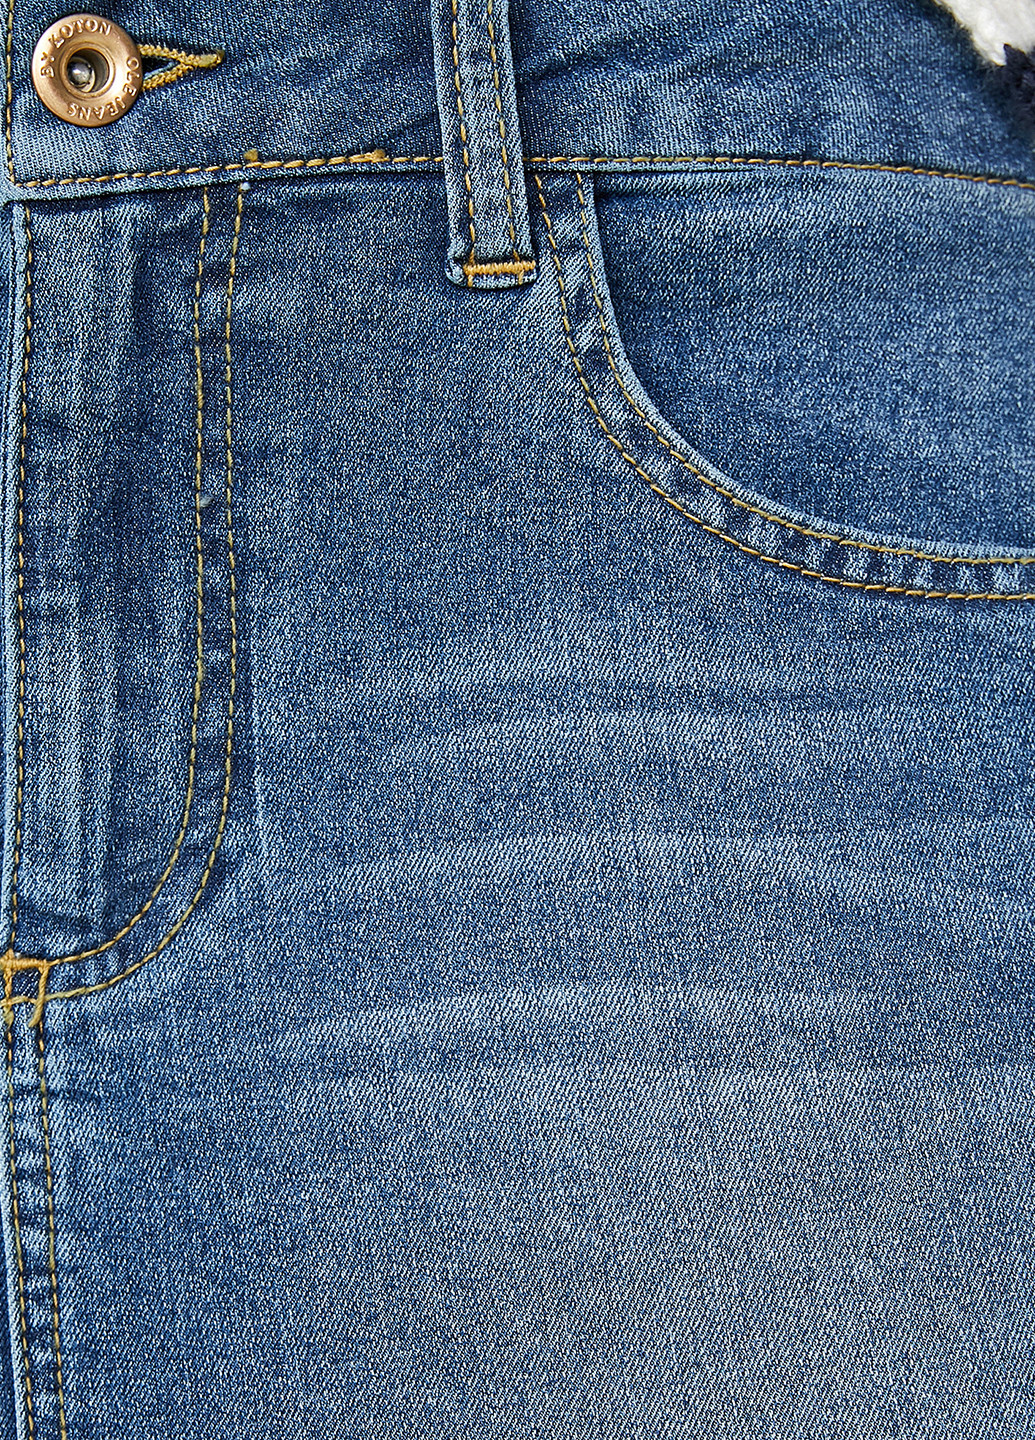 Голубая джинсовая юбка KOTON карандаш
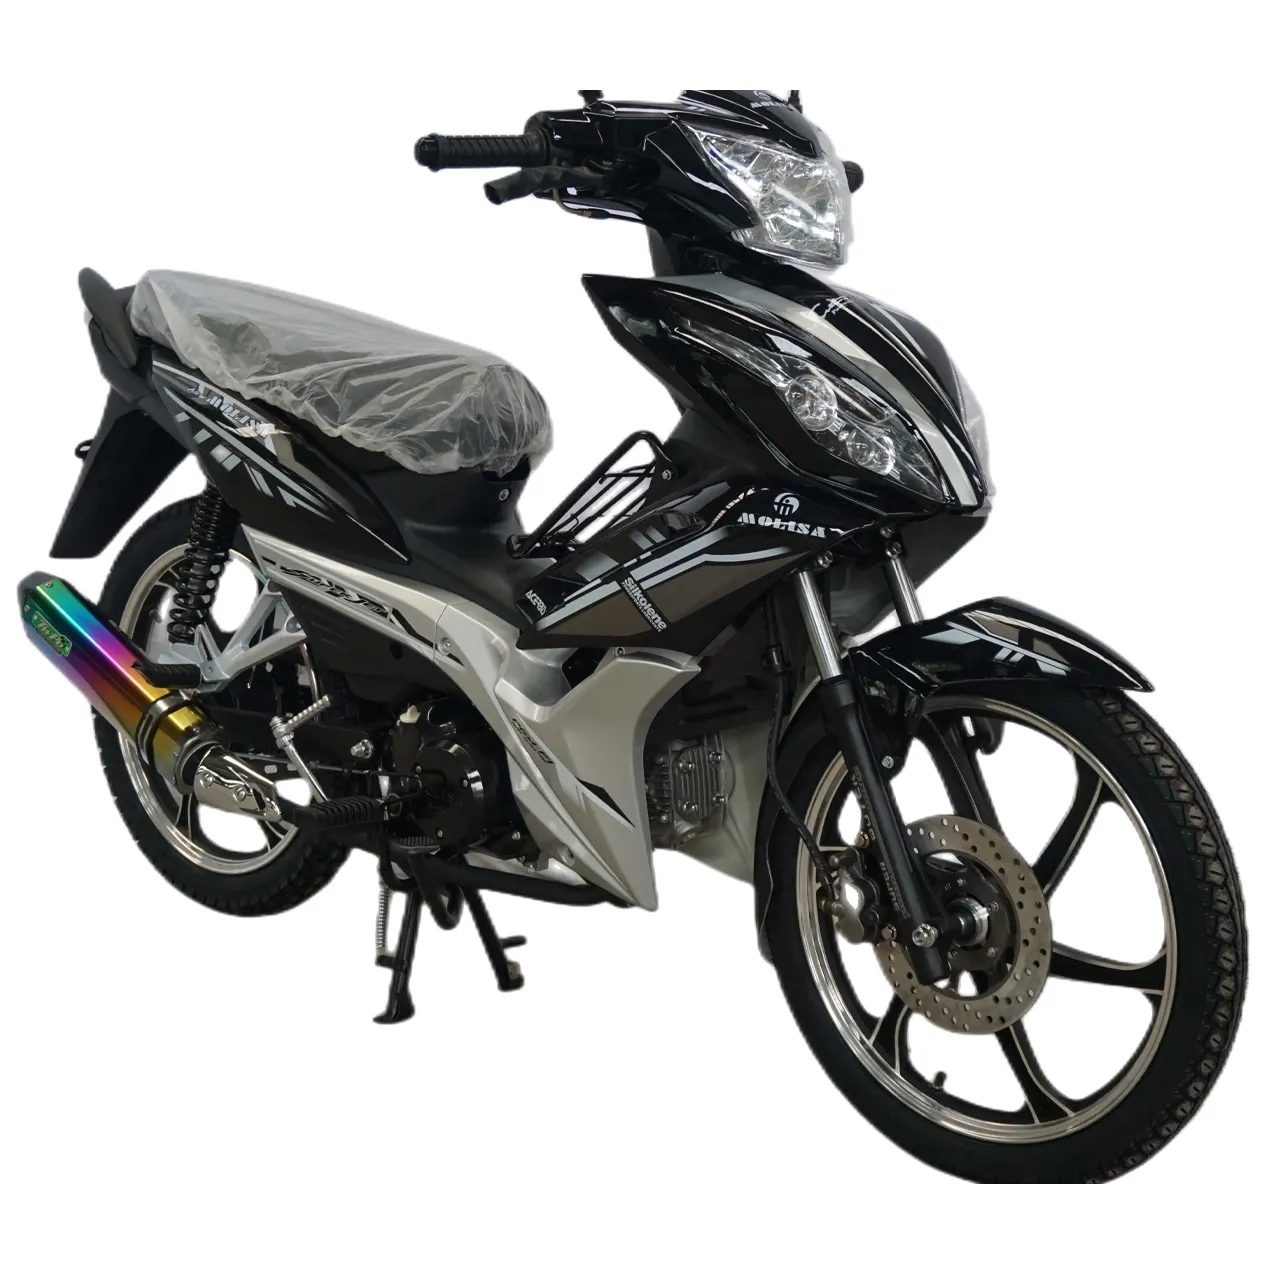 Ot-motor horizontal de 4 tiempos para motocicleta, pieza de alta calidad con diseño a la moda de 110 CC
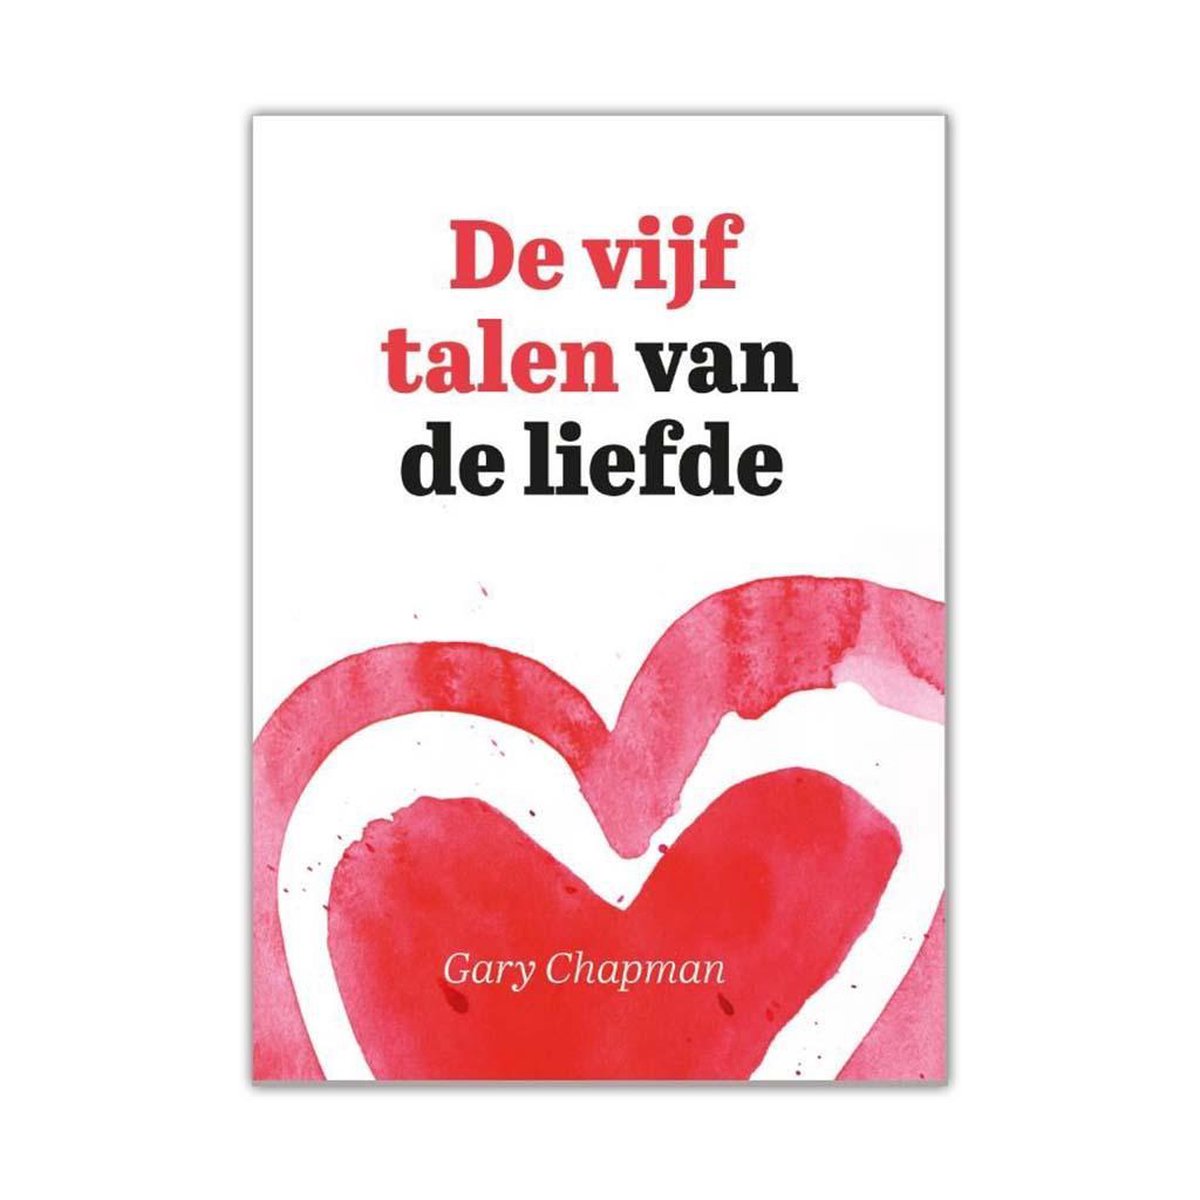 De vijf talen van de liefde - Gary Chapman

-------

Please write out the lines from the one that holds "Ot-motor horizontal de" through the end of the material, both ends included, exactly and with no pictures.

RESULT BELOW:
 Ot-motor horizontal de 4 tiempos para motocicleta, pieza de alta calidad con diseño a la moda de 110 CC
 De vijf talen van de liefde - Gary Chapman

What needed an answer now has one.